--- INFORMATION SUPPLIED ---
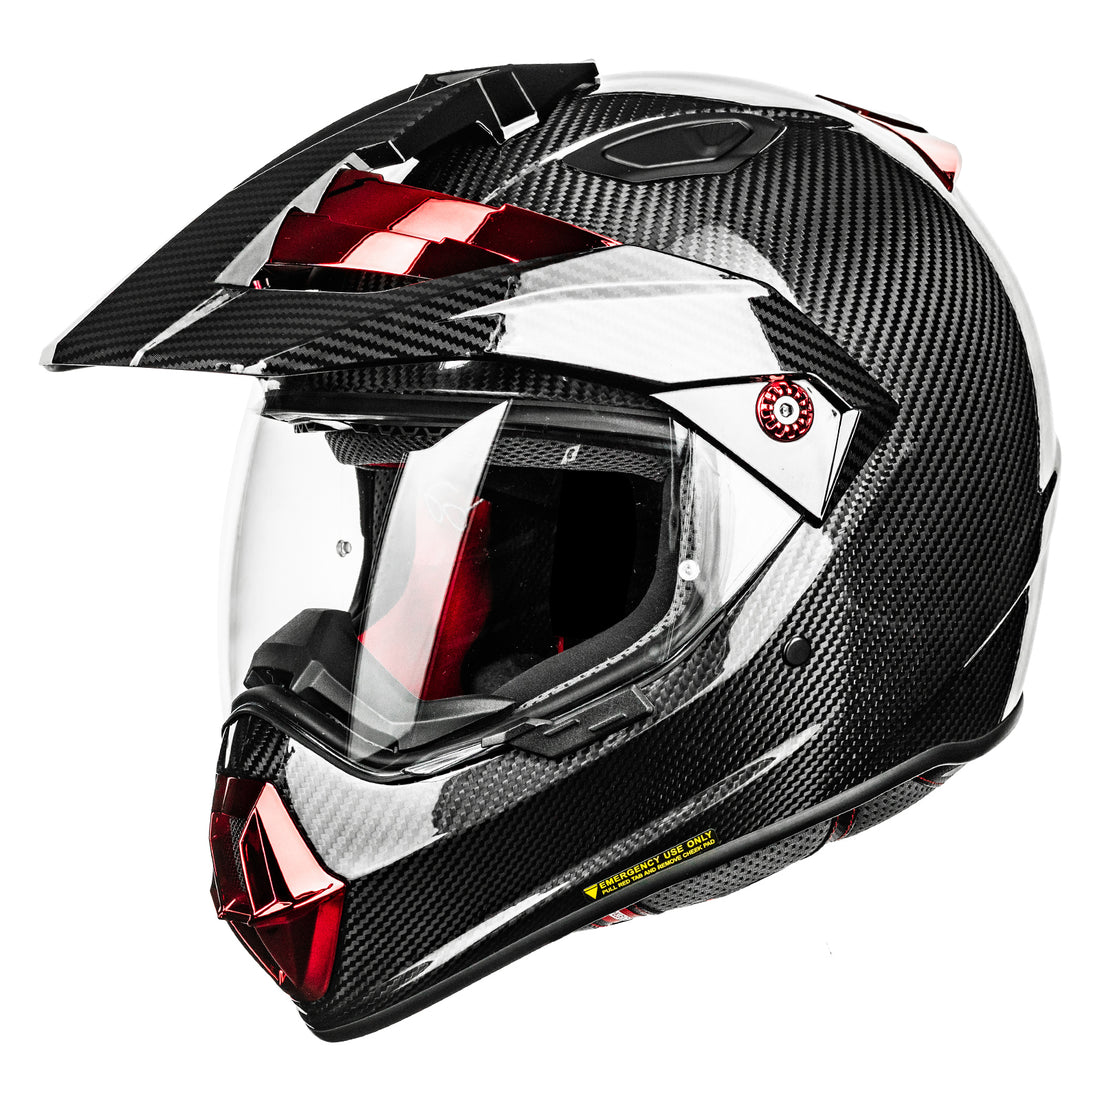 ILM Carbon Fiber Snell M2020D Full Face Motorcycle Adventure Helmet Model L13
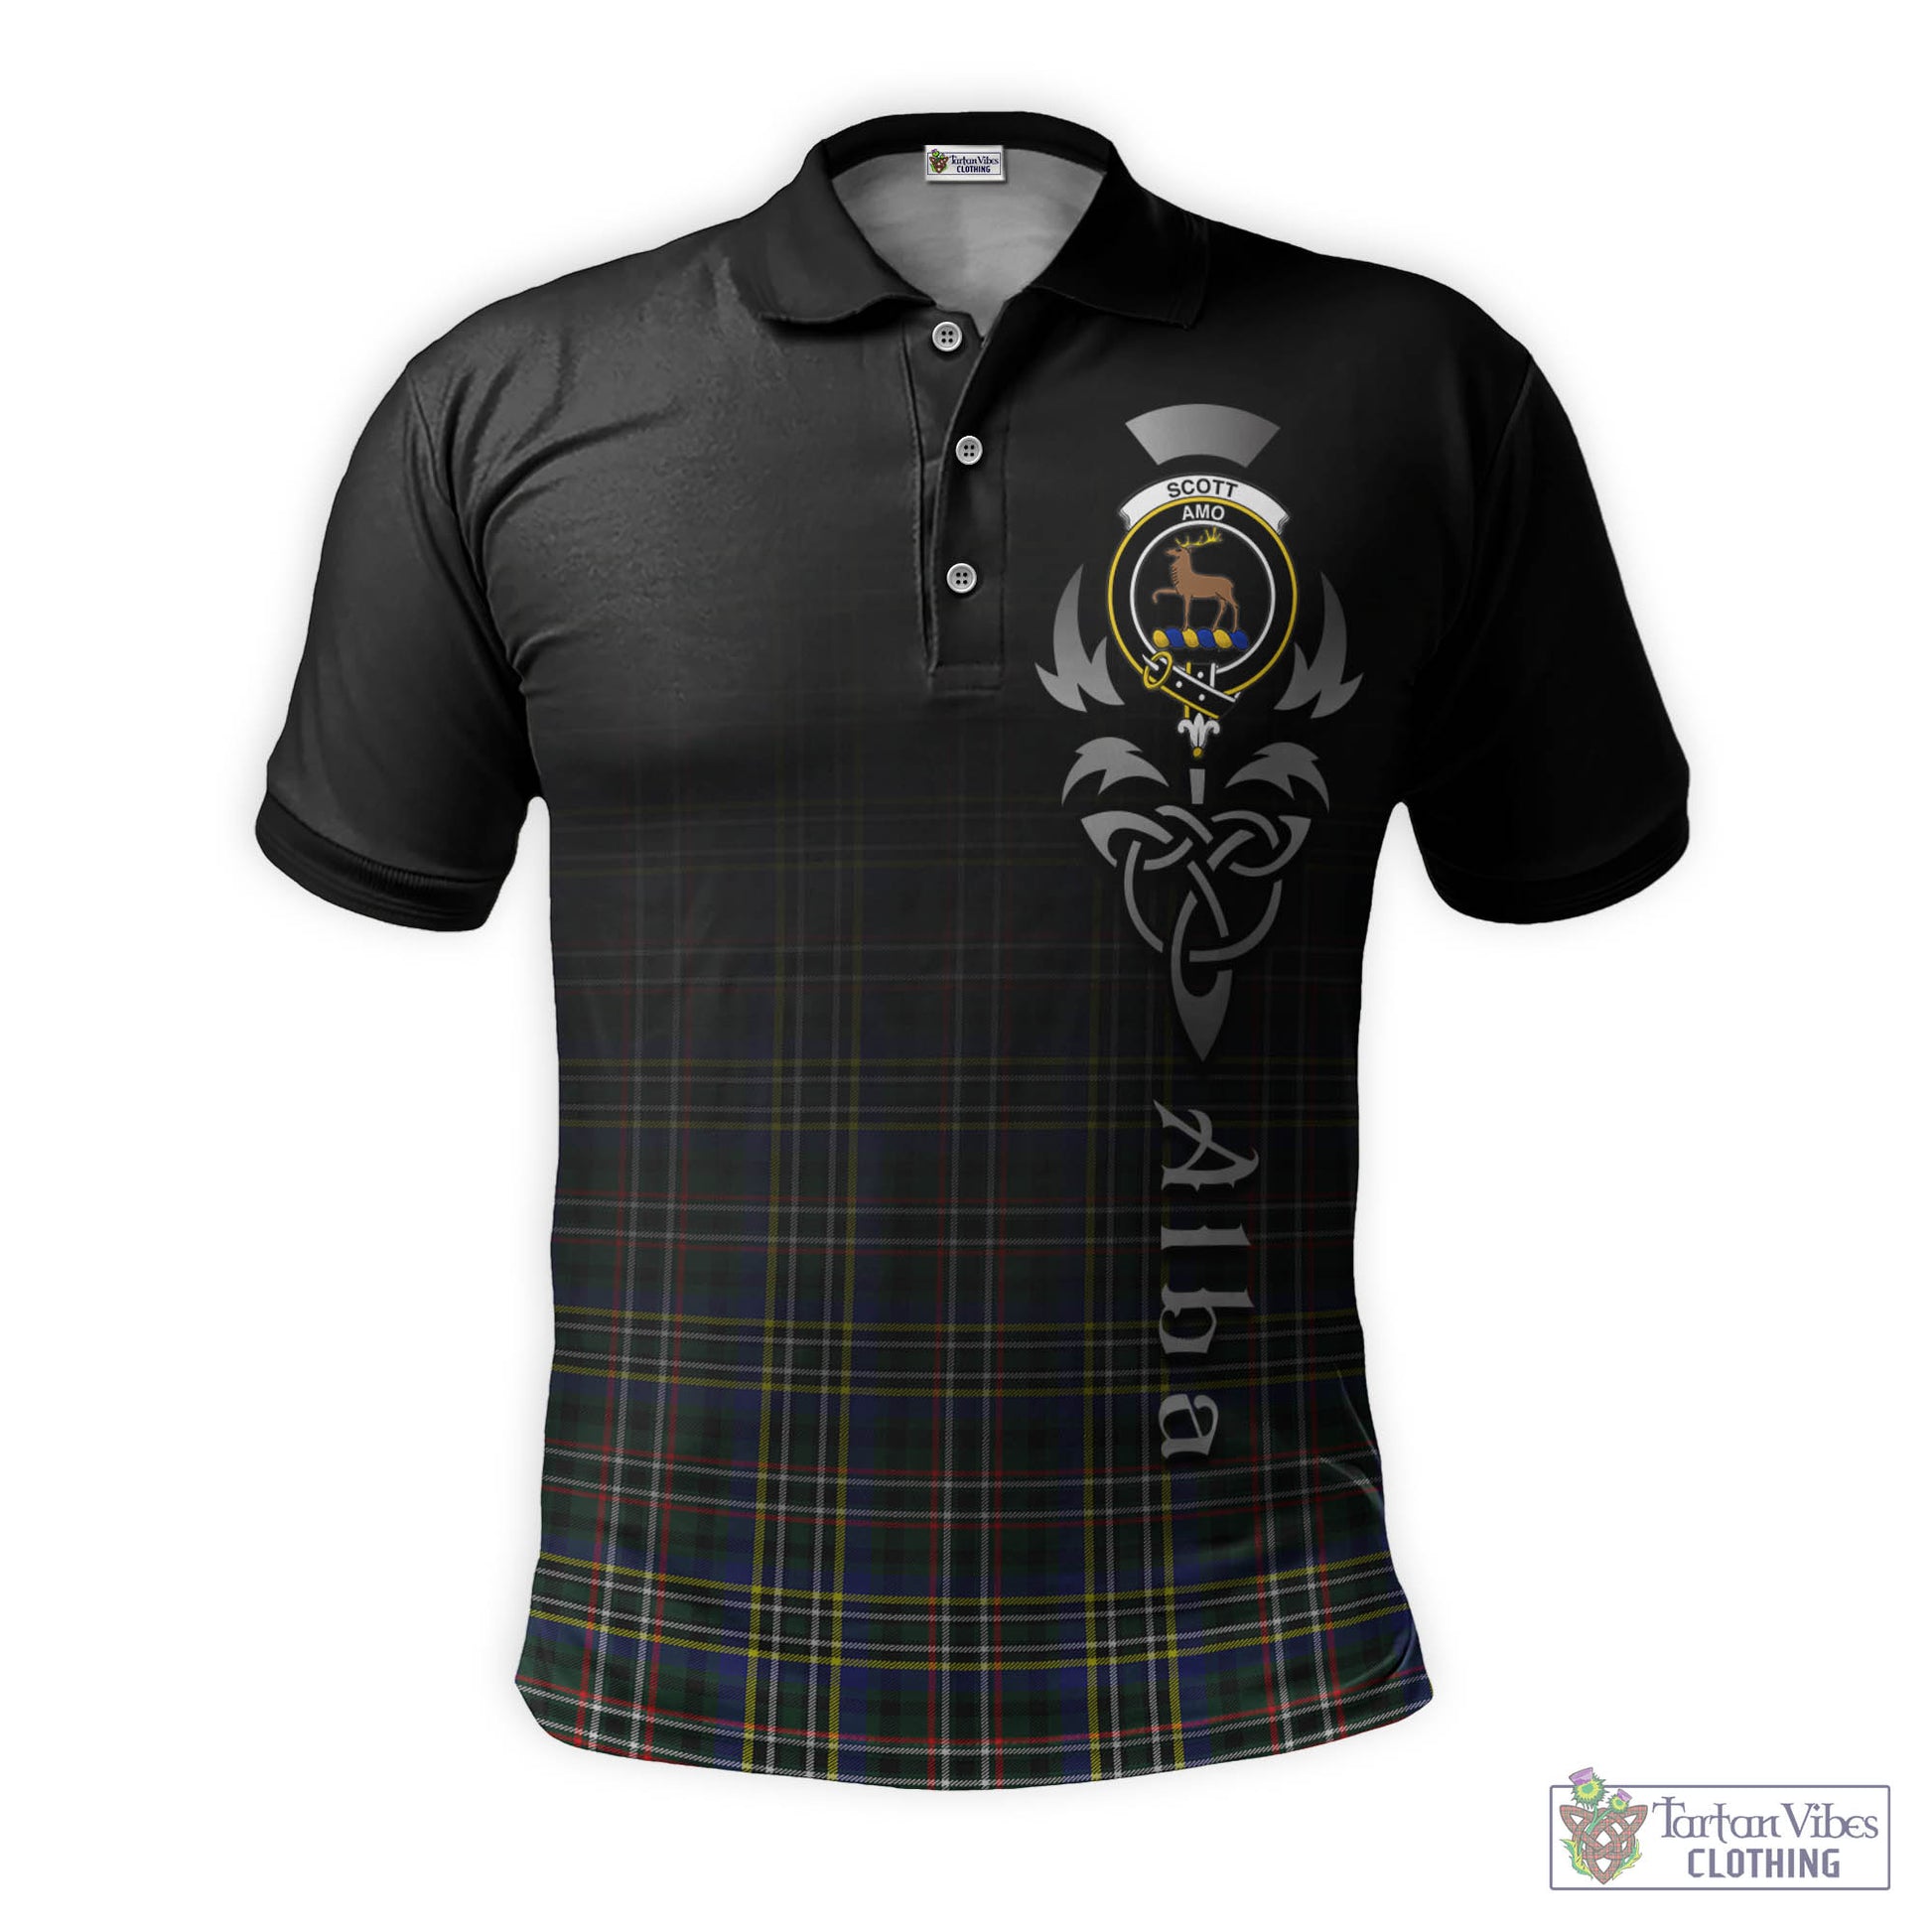 Tartan Vibes Clothing Scott Green Modern Tartan Polo Shirt Featuring Alba Gu Brath Family Crest Celtic Inspired
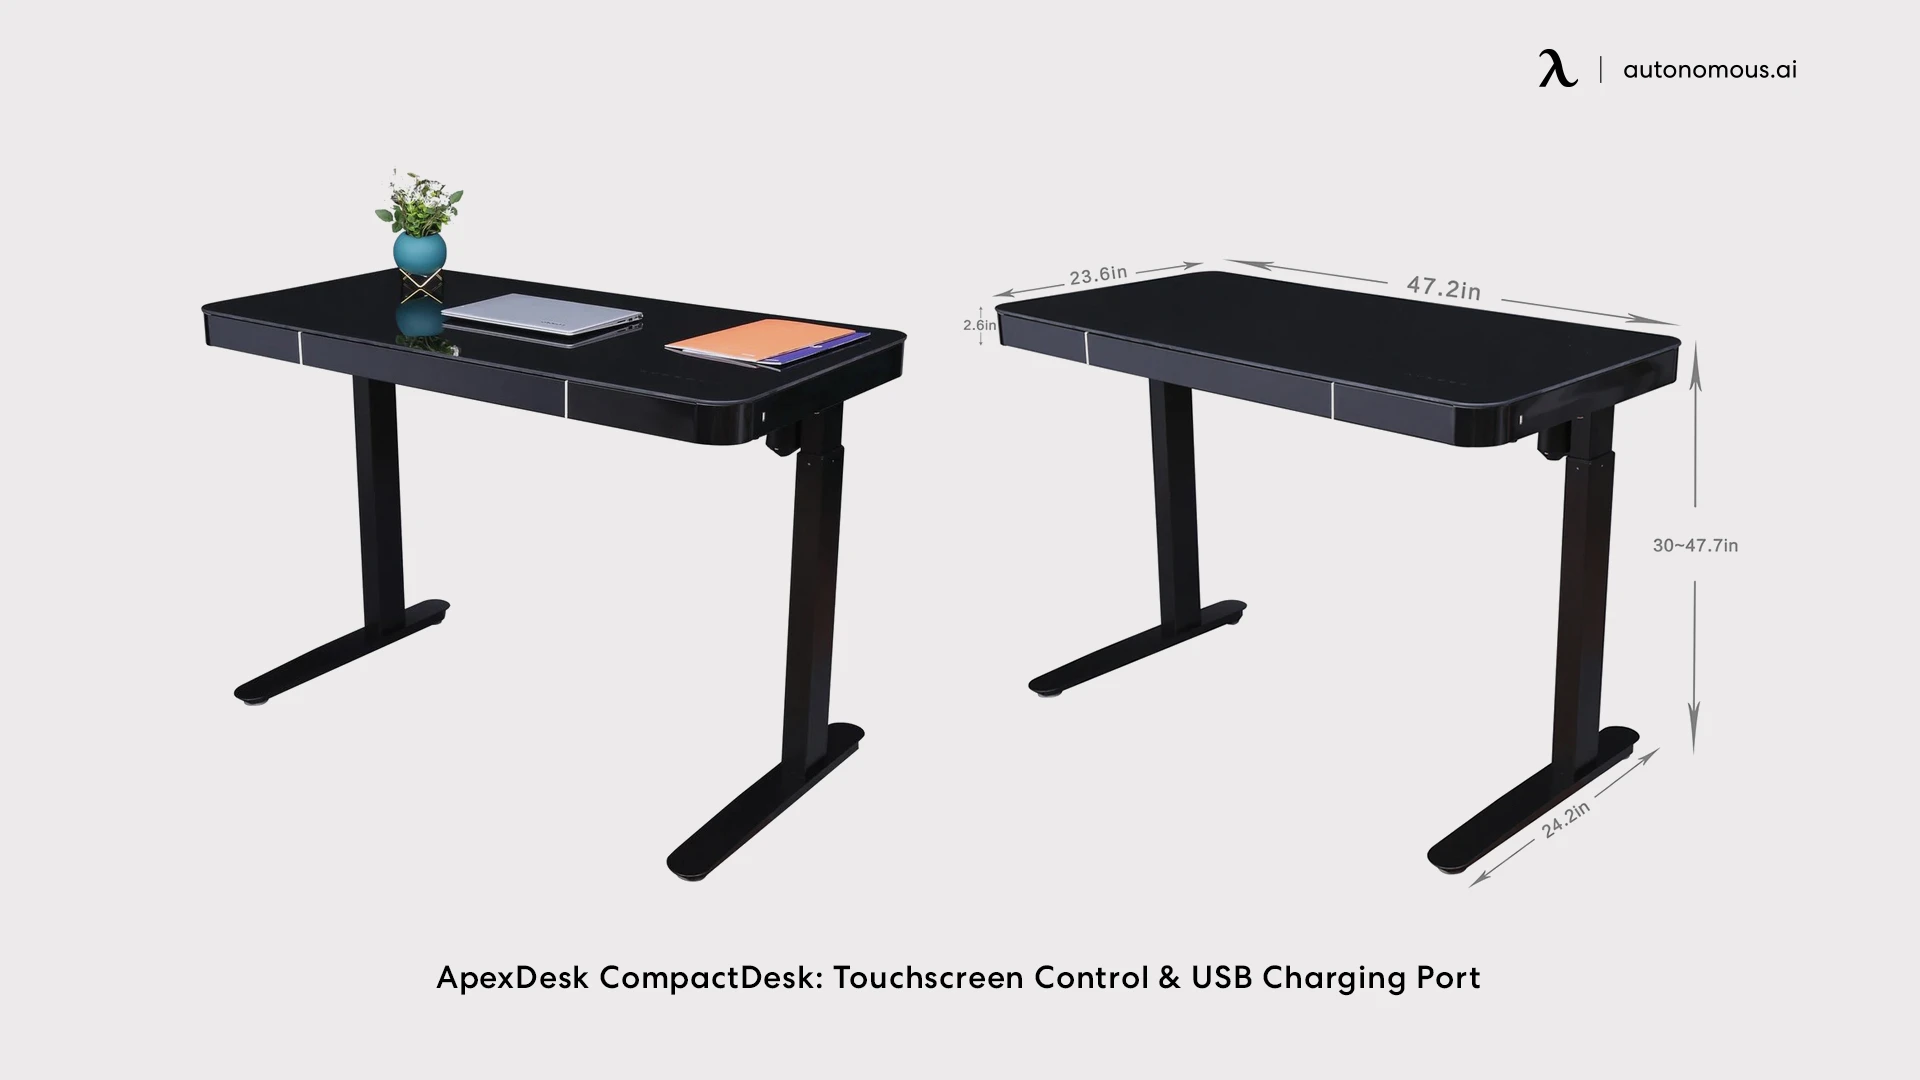 ApexDesk CompactDesk: Touchscreen Control & USB Charging Port

--- EXERCISE DIRECTIONS ---
Transcribe all of the listing precisely. The images stay out of it.

--- SOLUTION ---
 ILM Carbon Fiber Snell M2020D Full Face Motorcycle Adventure Helmet Model L13
 Tartan Vibes Clothing Scott Green Modern Tartan Polo Shirt Featuring Alba Gu Brath Family Crest Celtic Inspired
 ApexDesk CompactDesk: Touchscreen Control & USB Charging Port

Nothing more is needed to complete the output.